The greenback, when measured by the US Dollar Index (DXY), is trading on the defensive for yet another session on Thursday.

US Dollar Index looks to data, risk trends

The index shed further ground on Wednesday amidst the better mood in the risk-associated complex, all in response to encouraging news surrounding a potential vaccine for the coronavirus.

In addition, better-than-expected results from key US fundamentals have also lent extra legs to the risk-on sentiment and fuelled further the sell-off in the buck. Indeed, the always-relevant ISM Manufacturing rose to 52.6 for the month of June, in line with the recovery in the Markit’s manufacturing PMI to 49.8 for the same period and all supporting the idea of a strong economic recovery.

Later in the NA session, the US labour market will be in the centre of the debate in light of the releases of weekly Initial Claims and June’s Non-farm Payrolls along with the Unemployment Rate.

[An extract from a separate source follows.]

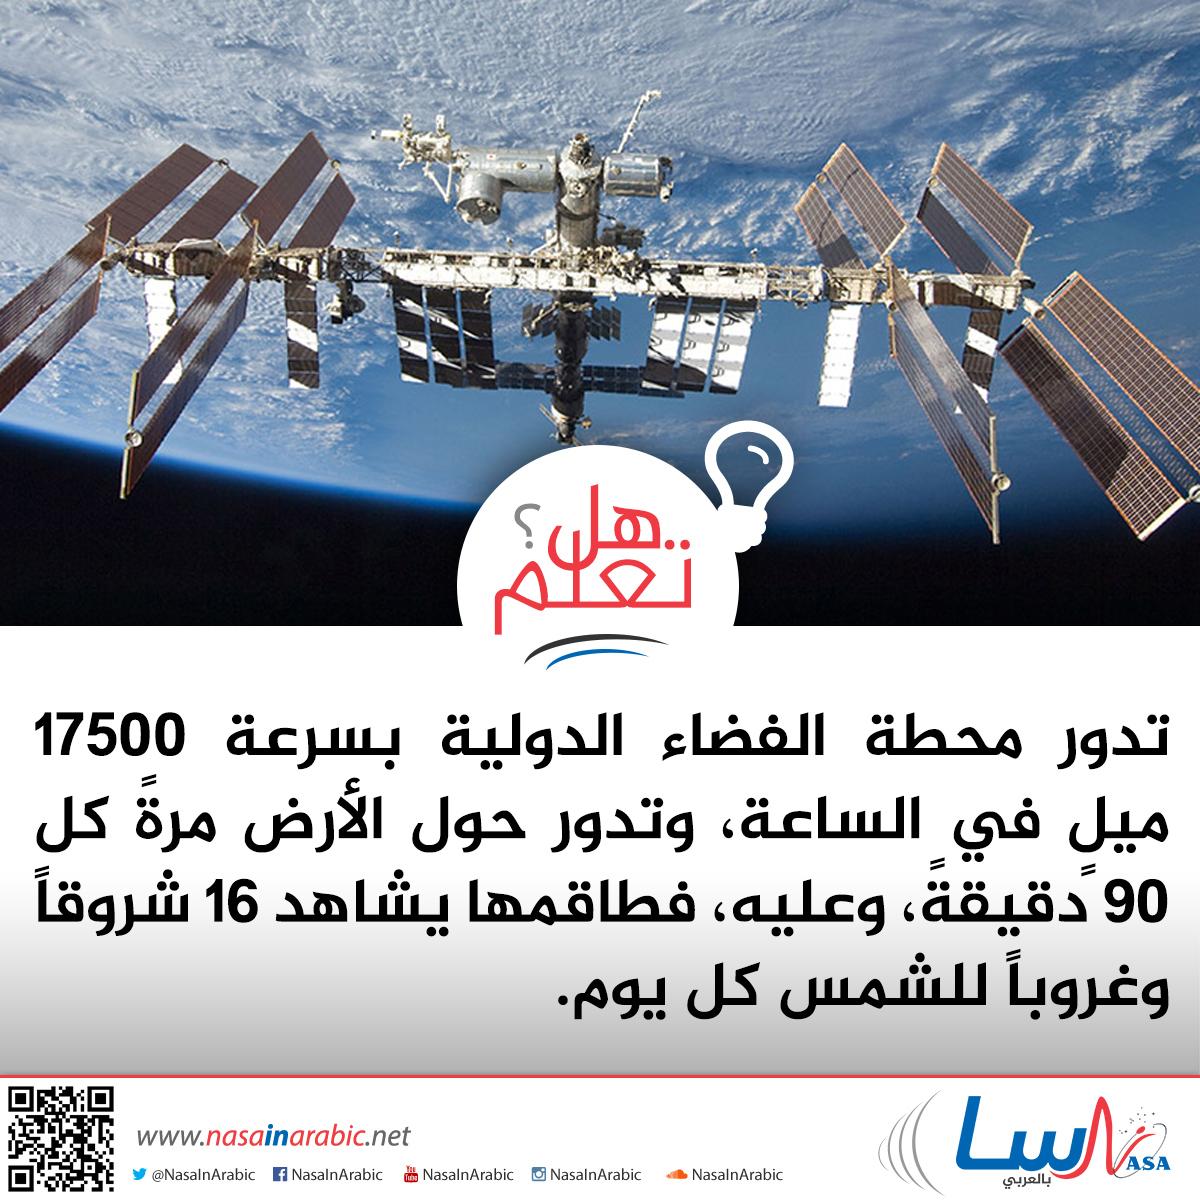 كم شروق وغروب يشاهد طاقم محطة الفضاء الدولية؟

In addition, Factory Orders for the month of May will also be in the pipeline.

What to look for around USD

The unremitting advance of the pandemic in the US remains in centre stage amidst efforts to keep the re-opening of the economy well in place and news surrounding potential vaccines. As always, the broad risk appetite trends emerge as the main driver for the dollar in the short-term coupled with omnipresent US-China trade effervescence. On the constructive stance around the buck, bouts of risk aversion should support the investors’ preference for the greenback as a safe haven along with its status of global reserve currency and store of value. Playing against this, the ongoing (and potentially extra) stimulus packages by the Federal Reserve could limit the dollar’s upside.

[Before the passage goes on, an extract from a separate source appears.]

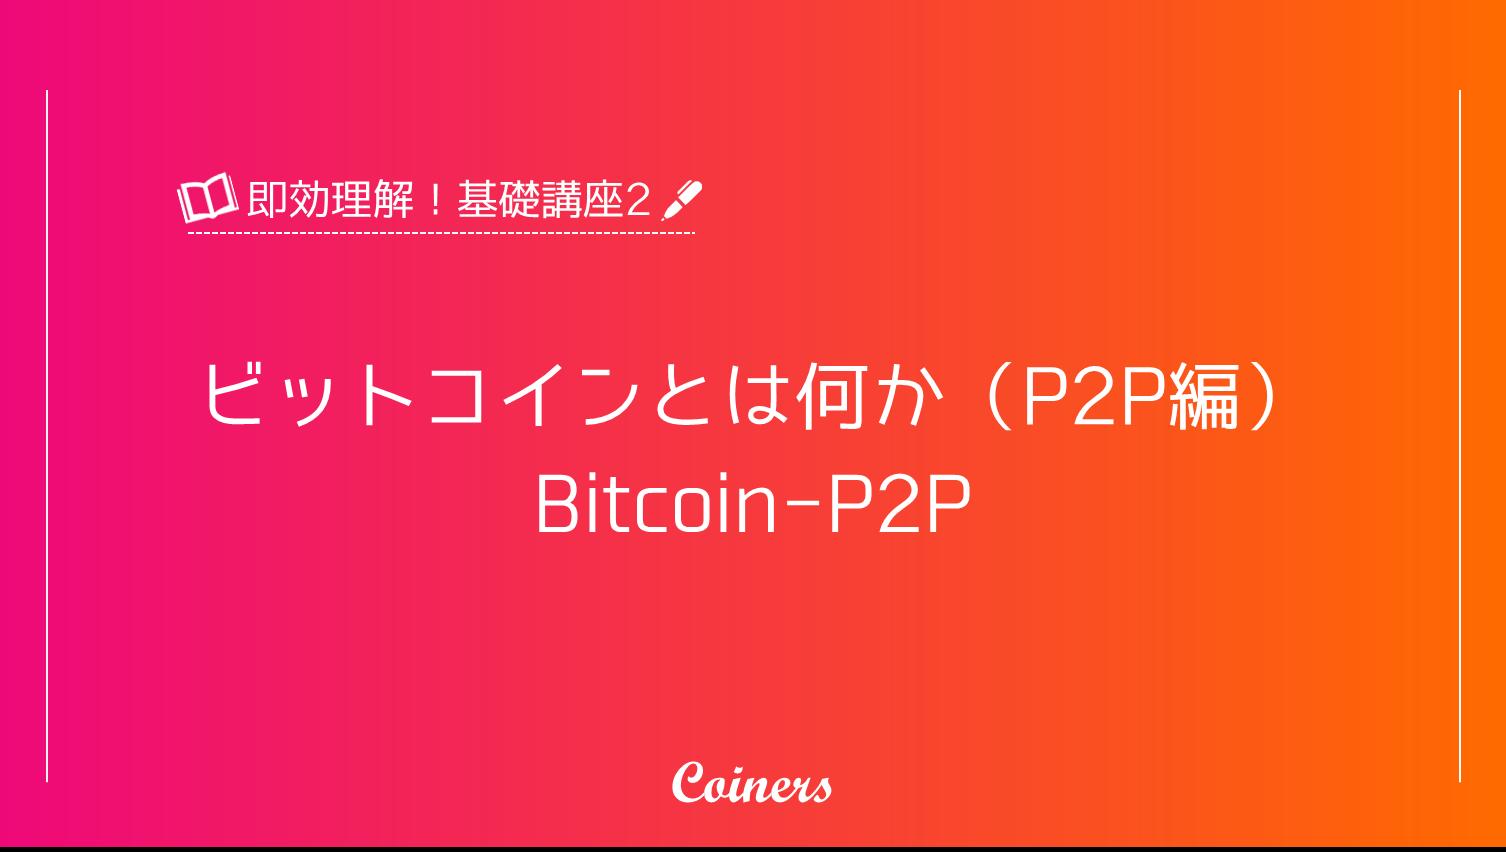 P2P-ビットコイン

US Dollar Index relevant levels

At the moment, the index is losing 0.10% at 97.05 and faces the next contention at 96.39 (weekly low Jun.23) seconded by 96.03 (50% Fibo of the 2017-2018 drop) and finally 95.72 (monthly low Jun.10). On the other hand, a break above 97.80 (weekly high Jun.30) would aim for 97.87 (61.8% Fibo of the 2017-2018 drop) and finally 98.33 (200-day SMA).